• WHAT NEEDS TO BE DONE: Among the entries below, count the lines where the string "thumbnail" occurs, and give only the number.

• TASK INPUTS:
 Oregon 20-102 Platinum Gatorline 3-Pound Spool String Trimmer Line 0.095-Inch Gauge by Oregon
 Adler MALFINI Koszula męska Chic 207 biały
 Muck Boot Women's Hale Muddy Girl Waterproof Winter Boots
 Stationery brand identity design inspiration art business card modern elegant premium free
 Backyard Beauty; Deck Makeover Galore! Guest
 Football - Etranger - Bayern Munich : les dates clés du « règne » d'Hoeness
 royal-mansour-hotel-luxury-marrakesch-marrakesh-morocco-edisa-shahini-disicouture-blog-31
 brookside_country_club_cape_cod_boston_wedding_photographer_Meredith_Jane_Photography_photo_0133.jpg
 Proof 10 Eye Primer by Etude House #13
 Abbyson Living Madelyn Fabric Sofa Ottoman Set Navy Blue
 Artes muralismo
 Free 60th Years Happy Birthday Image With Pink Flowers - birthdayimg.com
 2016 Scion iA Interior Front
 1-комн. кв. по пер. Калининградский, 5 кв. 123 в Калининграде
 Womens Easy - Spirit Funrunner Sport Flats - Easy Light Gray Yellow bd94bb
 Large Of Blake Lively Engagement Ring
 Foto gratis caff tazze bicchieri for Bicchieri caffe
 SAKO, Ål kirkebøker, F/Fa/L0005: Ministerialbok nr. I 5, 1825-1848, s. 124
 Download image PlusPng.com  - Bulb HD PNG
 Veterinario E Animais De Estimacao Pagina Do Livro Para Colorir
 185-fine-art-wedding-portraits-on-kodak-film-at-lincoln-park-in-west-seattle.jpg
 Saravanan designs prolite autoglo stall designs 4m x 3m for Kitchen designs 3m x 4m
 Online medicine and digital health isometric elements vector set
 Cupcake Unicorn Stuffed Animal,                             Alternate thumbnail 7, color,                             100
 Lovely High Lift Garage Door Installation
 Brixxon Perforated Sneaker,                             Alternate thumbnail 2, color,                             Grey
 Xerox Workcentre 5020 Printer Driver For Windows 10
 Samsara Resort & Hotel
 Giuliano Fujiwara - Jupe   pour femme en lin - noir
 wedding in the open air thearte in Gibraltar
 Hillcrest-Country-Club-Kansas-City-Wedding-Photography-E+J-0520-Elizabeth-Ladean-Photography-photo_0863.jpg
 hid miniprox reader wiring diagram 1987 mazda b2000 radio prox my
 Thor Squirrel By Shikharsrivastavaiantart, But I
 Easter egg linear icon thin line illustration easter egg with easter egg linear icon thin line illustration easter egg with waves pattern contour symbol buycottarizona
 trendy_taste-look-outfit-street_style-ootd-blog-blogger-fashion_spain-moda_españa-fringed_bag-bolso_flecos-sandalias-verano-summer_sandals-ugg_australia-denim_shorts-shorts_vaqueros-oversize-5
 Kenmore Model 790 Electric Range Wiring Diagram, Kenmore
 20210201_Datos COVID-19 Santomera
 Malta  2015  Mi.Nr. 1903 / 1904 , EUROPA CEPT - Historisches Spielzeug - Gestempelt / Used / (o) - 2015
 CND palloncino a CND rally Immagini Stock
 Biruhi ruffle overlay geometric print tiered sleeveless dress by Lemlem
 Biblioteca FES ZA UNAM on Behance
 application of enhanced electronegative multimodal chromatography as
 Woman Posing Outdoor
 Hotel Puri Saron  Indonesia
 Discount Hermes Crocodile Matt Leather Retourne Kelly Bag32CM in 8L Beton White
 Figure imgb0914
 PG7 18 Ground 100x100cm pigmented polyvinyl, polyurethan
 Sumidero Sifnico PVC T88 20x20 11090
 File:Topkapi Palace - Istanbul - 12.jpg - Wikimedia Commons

• ANSWER BOX: 2